United States Court of Appeals, Ninth Circuit

June 11, 2018

Patricia P. Campbell, Plaintiff-Appellant,
v.
State of Hawaii Department of Education; Patricia Hamamoto, Superintendent of Public Schools, sued in her official capacity; Bruce Anderson, Maui Complex Area Superintendent, sued in his individual and official capacities; Susan Scofield, Principal of King Kekaulike High School, sued in her individual and official capacities; Anthony Jones, Vice Principal of King Kekaulike High School, sued in his individual and official capacities; Robyn Honda, Personnel Regional Officer, sued in her individual and official capacities; Barbara Oura, Vice Principal of King Kekaulike High School, sued in her individual and official capacities; Kurtis Saiki, Athletic Director of King Kekaulike High School, sued in his individual and official capacities, Defendants-Appellees.

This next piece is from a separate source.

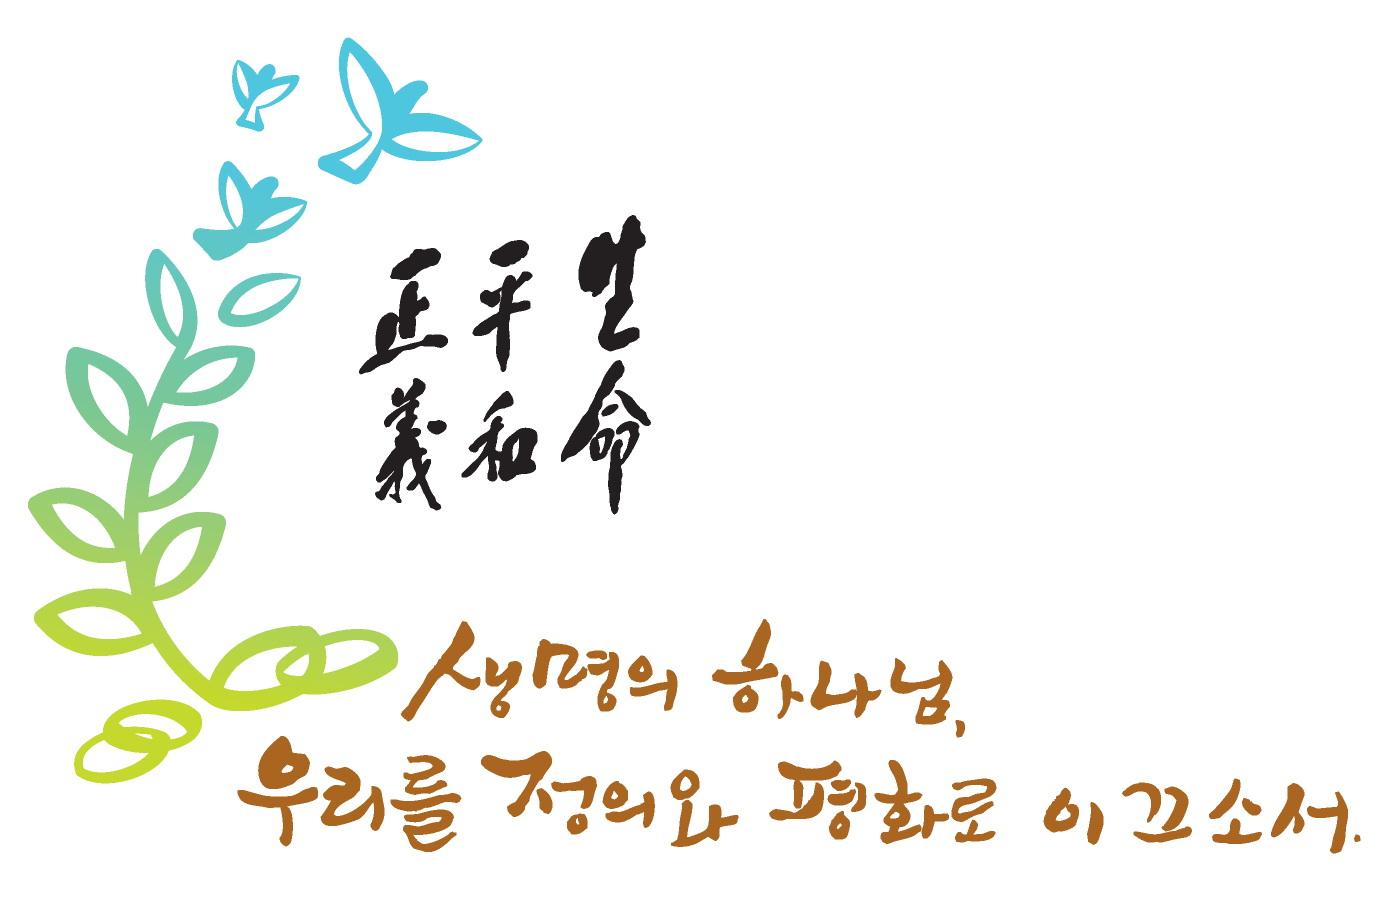 제97회 총회 엠블멤 및 주제.jpg

          Argued and Submitted February 12, 2018 Honolulu, Hawaii

          Appeal from the United States District Court for the District of Hawaii Derrick Kahala Watson, District Judge, Presiding D.C. No. 1:13-cv-00083-DKW-RLP

          Daphne E. Barbree (argued), Law Office of Daphne Barbee, Honolulu, Hawaii, for Plaintiff-Appellant.

          Miriam P. Loui (argued) and James E. Halvorson, Deputy Attorneys General; Douglas S. Chin, Attorney General; Department of the Attorney General, Honolulu, Hawaii; for Defendants-Appellees.

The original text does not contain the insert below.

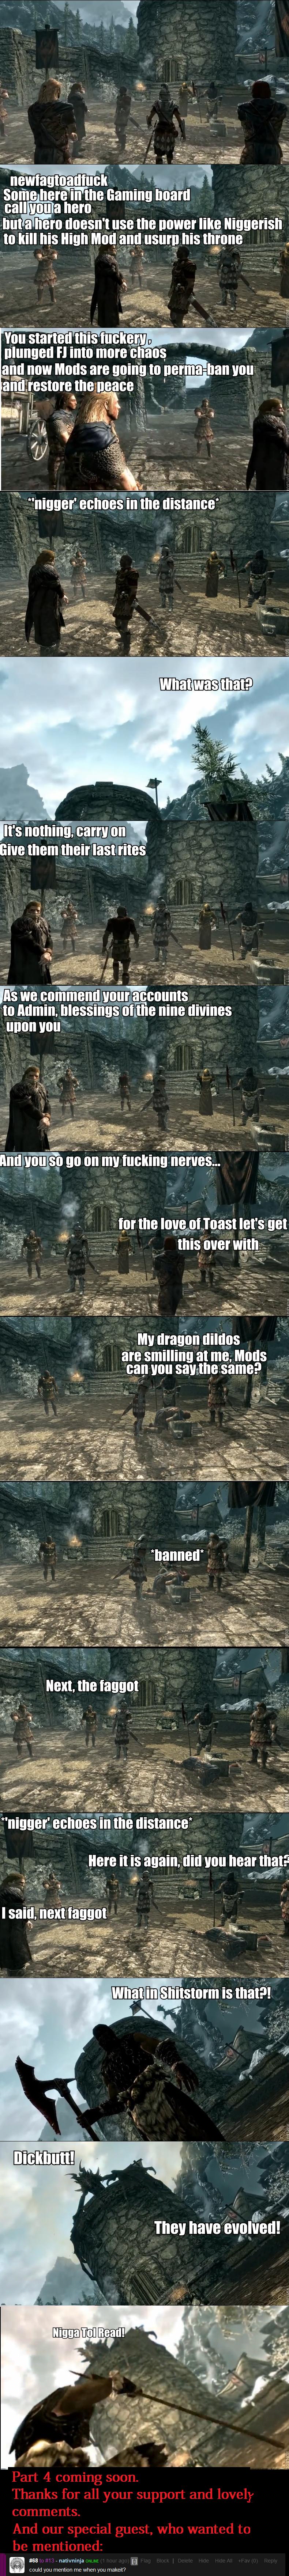 Elder Scrolls: Fuckery. self-description descripatoried descriptory description. tag

          Before: Diarmuid F. O'Scannlain, Richard R. Clifton, and Sandra S. Ikuta, Circuit Judges.

         SUMMARY [*]

         Employment Discrimination

         The panel affirmed the district court's grant of summary judgment in favor of the defendants on employment discrimination claims brought by a public high school teacher who was verbally harassed by her students.

         Affirming the district court's grant of summary judgment on the teacher's Title VII claims of disparate treatment based on her sex and race, the panel held that the teacher failed to establish a prima facie case because she did not show that she was subject to an adverse employment action or that similarly situated individuals outside her protected class were treated more favorably.

         The panel also affirmed the district court's grant of summary judgment on the teacher's Title VII hostile work environment claim. The panel held that the defendant public school system could be held liable for students' harassing conduct only to the extent that it failed reasonably to respond to the conduct or ratified or acquiesced in the conduct.

         On the teacher's Title VII retaliation claim, the panel held that she failed to establish that the defendants' asserted rationale for its actions was mere pretext.

         Finally, the panel affirmed the district court's grant of summary judgment on the teacher's Title IX claims for intentional discrimination.

          OPINION

          O'SCANNLAIN, Circuit Judge

         We must decide whether a high school teacher who was verbally harassed by her students has identified sufficient evidence to support claims for violations of her federal civil rights against the public school system that employed her.

         I

         Patricia Campbell was employed by the Hawaii Department of Education (DOE) from 2000 until she resigned in July 2009. From 2004 through 2007, Campbell taught music and band at King Kekaulike High School (KKHS) on the island of Maui. Unfortunately, Campbell's experience at KKHS was hardly pleasant. Instead, her tenure at the school was marred by numerous accusations of misconduct perpetrated against, and by, Campbell.

         A

         Campbell alleges that, throughout her time at KKHS, she was frequently harassed and degraded by students on the basis of her race (white) and her sex (female). She alleges that students called her a slew of offensive names, including "fucking weirdo, " "cunt, " "bitch, " and "fucking haole."[1]According to Campbell, she was even physically threatened by one student who claimed to have a gun.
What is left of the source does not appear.